Open edition of signed and numbered gold on black Samayavajra screen prints available in A3 size (16 x 12.5 inches).
Samayavajra (Tib. Damtsig Dorje), the 'commitment vajra', is a yidam deity whose practice is essentially employed in the Gelugpa tradition as a method for purification, and more specifically to restore broken vows or pledges of commitment on the Vajrayana path. This practice is performed as one of the four auxiliary components of the Lam Rim Ngondro, or 'preliminary practices on the graduated path to liberation', with the other three being the offering of water bowls, the molding of small clay deity images (tsa-tsa), and the burning of black sesame seeds within a small bronze statue of a wrathful deity known as Vajradaka (Tib. Dorje Khadro). The purification practice of Damtsig Dorje is similar to that of Vajrasattva, in that it involves his visualization and 100,000 recitations of his mantra: OM AH PRAJNA DHRIK HA HUM.
The sadhana of Damtsig Dorje describes him arising from the syllable HA that seals the handle of a wisdom-sword that stands upon a moon disc and a lotus, which then transforms into the deity and his consort.
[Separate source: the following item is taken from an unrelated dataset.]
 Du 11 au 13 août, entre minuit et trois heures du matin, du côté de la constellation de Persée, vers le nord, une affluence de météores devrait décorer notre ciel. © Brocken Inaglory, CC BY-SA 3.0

The wisdoms of the Five Buddha Families are visualized as nectars in this practice, which pour into the aperture on the crown of the practitioner's head. One's body is thus filled with great bliss, and all defilements and the transgressions of broken commitments are visualized as leaving through the lower apertures and the pores of the skins as a noxious black liquid.
Damtsig Dorje sits in vajra-posture upon a white moon disc and a multicoloured lotus. He is green in colour, with three faces and six arms, and he is endowed with the thirty-two major and eighty minor marks. His three faces are green (centre), black (right) and white (left); each face has a compassionate expression and three bow-shaped eyes. He wears the five divine silk garments and eight jewel ornaments of a sambhogakaya deity, and he is crowned with the small image of blue Akshobhya Buddha. With his two principal arms he embraces his consort, with his hands crossed in the humkara-mudra of 'sounding the syllable HUM'. His second right hand holds a golden five-pointed vajra, and his third right hand holds a sword. His second left hand holds a bell, and his third left hand holds an eight-petal lotus.
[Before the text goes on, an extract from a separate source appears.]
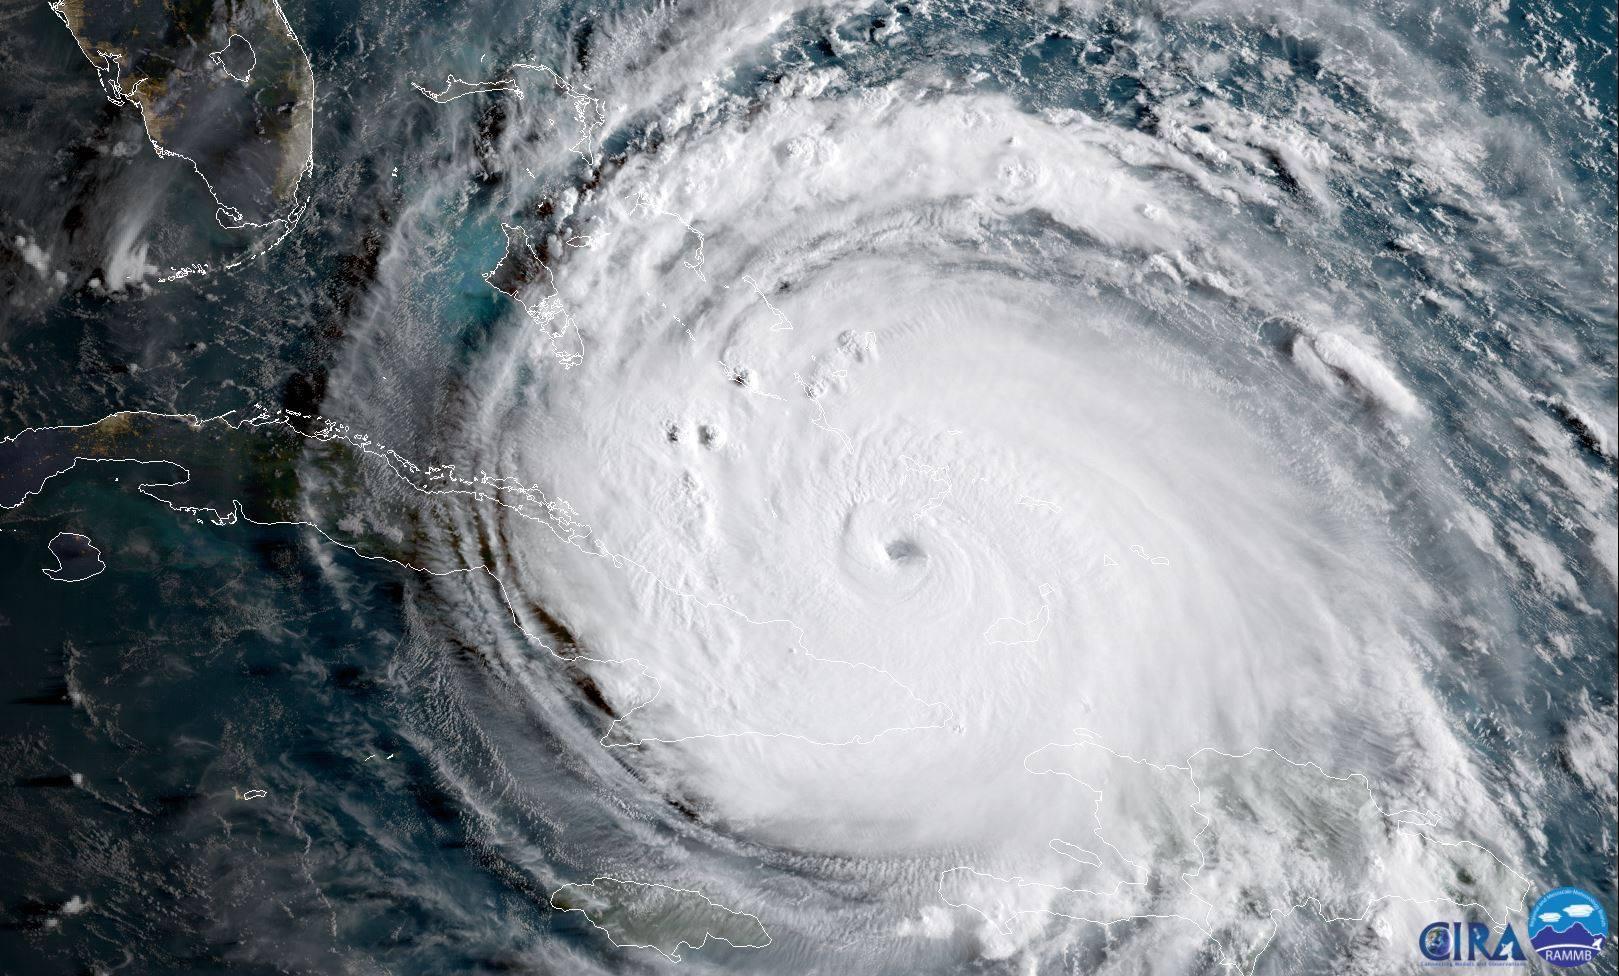 Satellite image of Hurricane IRMA (Credit: NOAA/CIRA)

His consort is light green and similar in appearance to him, with six arms and three triple-eyed faces that are coloured green (centre), black (right) and white (left). In sexual union she sits upon his lap in lotus-posture, with her two legs wrapped around his waist, and her two principal arms embracing his neck. With her other two extended right hands she holds a vajra and a sword, and with her other two left hands a bell and a lotus. She is adorned in divine silks and jewel ornaments, and she is crowned with the small image of green Amoghasiddhi Buddha.